What clock buffer are you using?

gkasprow commented 6 years ago

I use BUFG.

gkasprow commented 6 years ago

OK, I have a design that implements some Ethernet core that sends requests once a few seconds. I see them using WireShark. There is a chipscope instance connected to GMII output, before GMII - RGMII converter. On the Rx side I use RGMII-GMII logic and chipscope connected to it. I can trigger with TX_EN and RX_DV respectively. I see same frame structure on the chipscope and wireshark. The code is messy, it was a quick setup based on another design to test the Ethernet functionality. The bit file is here: Sayma_ETH/kc705_delay_ipbus.runs/impl_2/sayma_amc_tester.bit To run the Chipscope you also need the probe definition file: Sayma_ETH/kc705_delay_ipbus.runs/impl_2/debug_nets.ltx The Chipscope signal assignment is below.

    probe1 (7 downto 0) <= gmii_rxd (7 downto 0);
    probe1 ( 8) <= gmii_rx_dv;
    probe1 ( 9) <=  gmii_rx_er;  
    probe1 (15 downto 10) <= (others => '0');
    probe0 (7 downto 0)  <= gmii_txd (7 downto 0); 
    probe0 ( 8) <=   gmii_tx_en;
    probe0 ( 9) <=   gmii_tx_er;
    probe0 (15 downto 10) <= (others => '0');
sbourdeauducq commented 6 years ago

I use BUFG.

Then I wonder why Vivado takes more time to compile just because the clock input is on a non-clock-capable pin. Is it trying to move that BUFG around the FPGA to try to meet some timing constraints between clock and data IO pins?
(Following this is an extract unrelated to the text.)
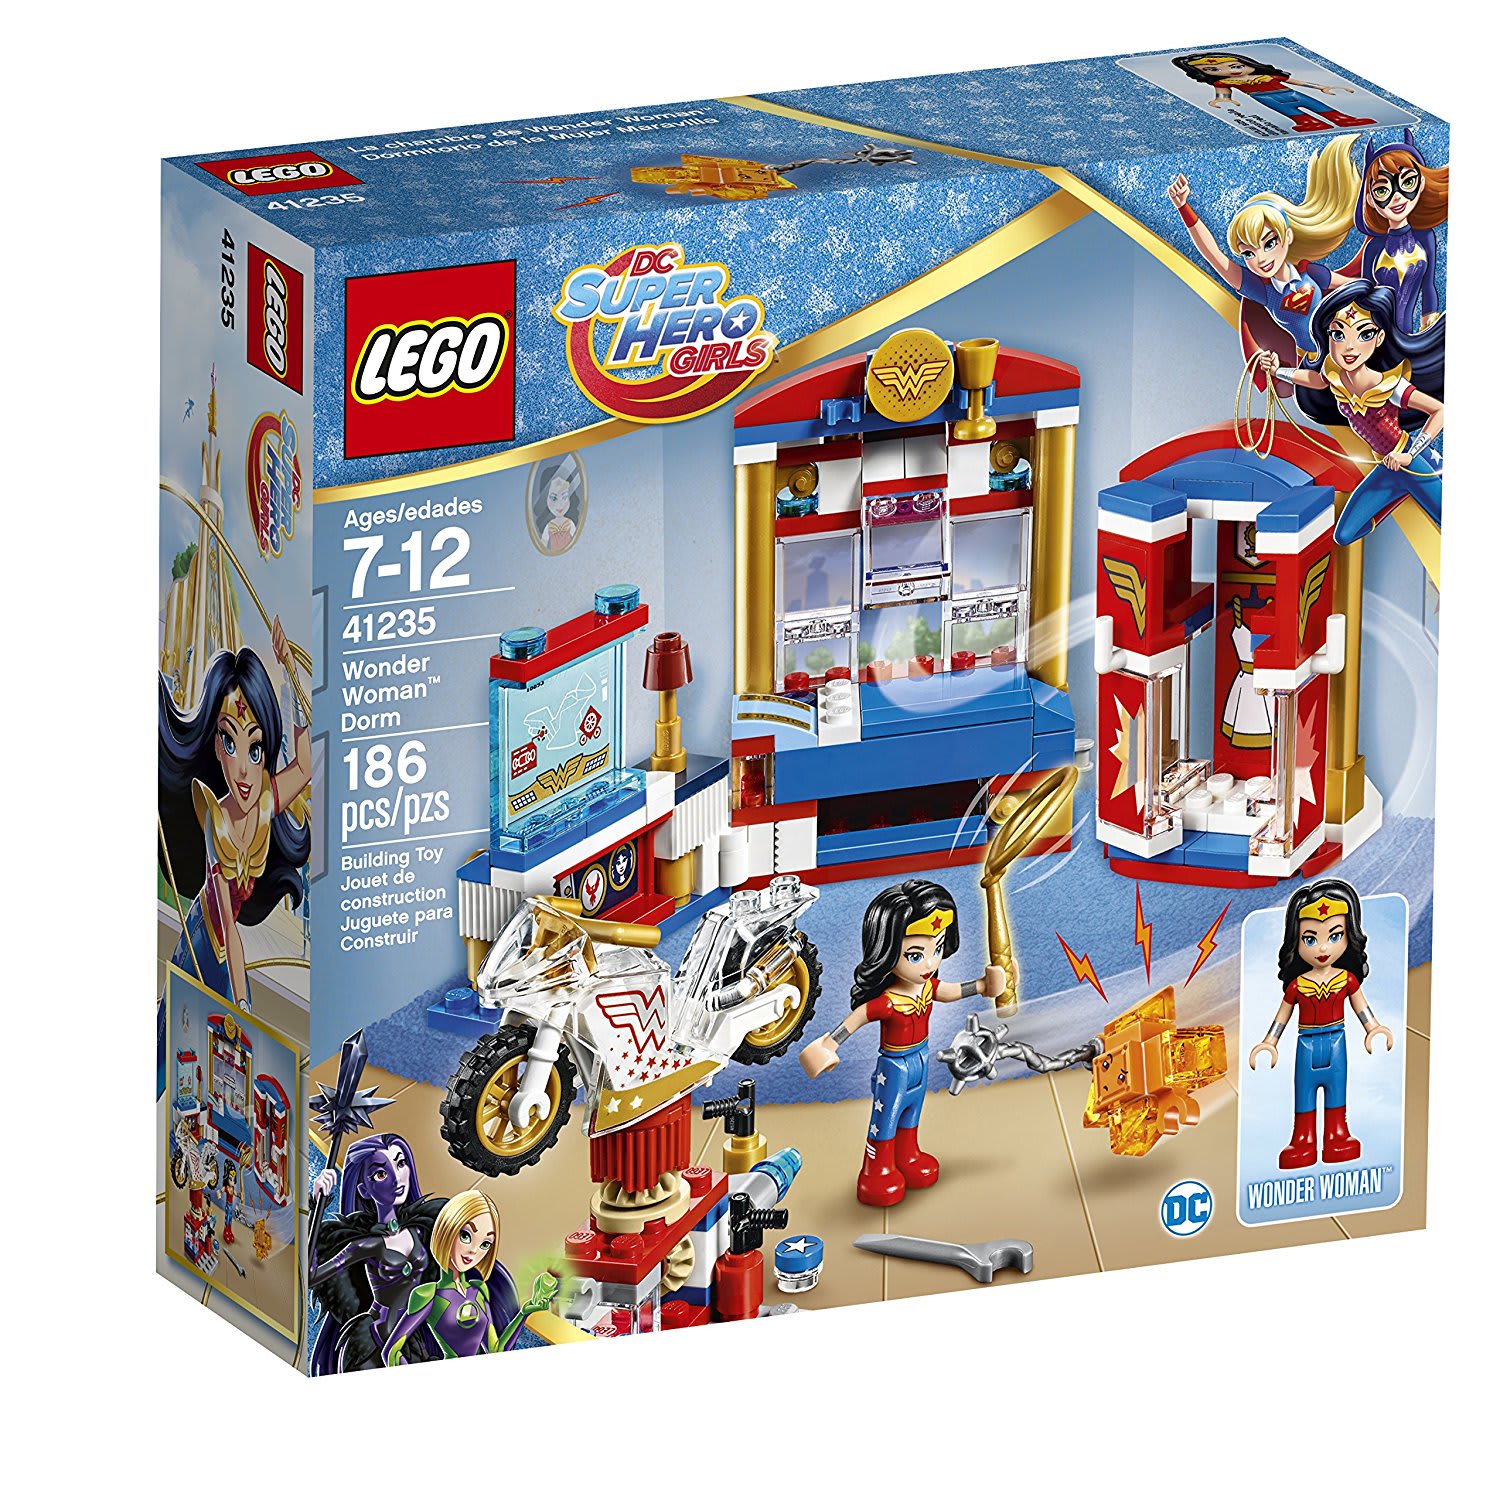 Wonder Woman LEGO set

If that's the case, maybe adding a location constraint on the BUFG would improve this.

Or lock the route between the clock input pin and the BUFG - this was awful to do with ISE's bug-infested tools, I don't know the procedure for Vivado, which may or may not have been improved.

sbourdeauducq commented 6 years ago

Sayma_ETH/kc705_delay_ipbus.runs/impl_2/sayma_amc_tester.bit

Where is that? Can you put all those files in some public place, e.g. create a new repository on GitHub, host them on some web server, or zip + attach to issues?

gkasprow commented 6 years ago

@sbourdeauducq It is in my dropbox account I shared some time ago. The files are also here:

impl_2.zip

jbqubit commented 6 years ago

@sbourdeauducq Can you reproduce what @gkasprow sees with WireShark and chipscope?

jbqubit commented 6 years ago

@sbourdeauducq ping

gkasprow commented 6 years ago

It should look like this: obraz

sbourdeauducq commented 6 years ago

Does the built-in JTAG work with vivado?

gkasprow commented 6 years ago

I didnt even try. I use external jtag cable

gkasprow commented 6 years ago

@sbourdeauducq I found little issue with the design and bits I published. The nibbles on the Rx side were swapped and could cause confusion. I fixed it and now it's fine. The files are in the Dropbox directory I shared. This is how it should look like. The MSB is rx_dv line and i use it as a trigger obraz

jbqubit commented 6 years ago

@sbourdeauducq Any luck with this using external JTAG?

sbourdeauducq commented 6 years ago

I don't have a cable and I'd rather not install the crappy Xilinx drivers. They never work and typically waste a few hours on yak-shaving every time.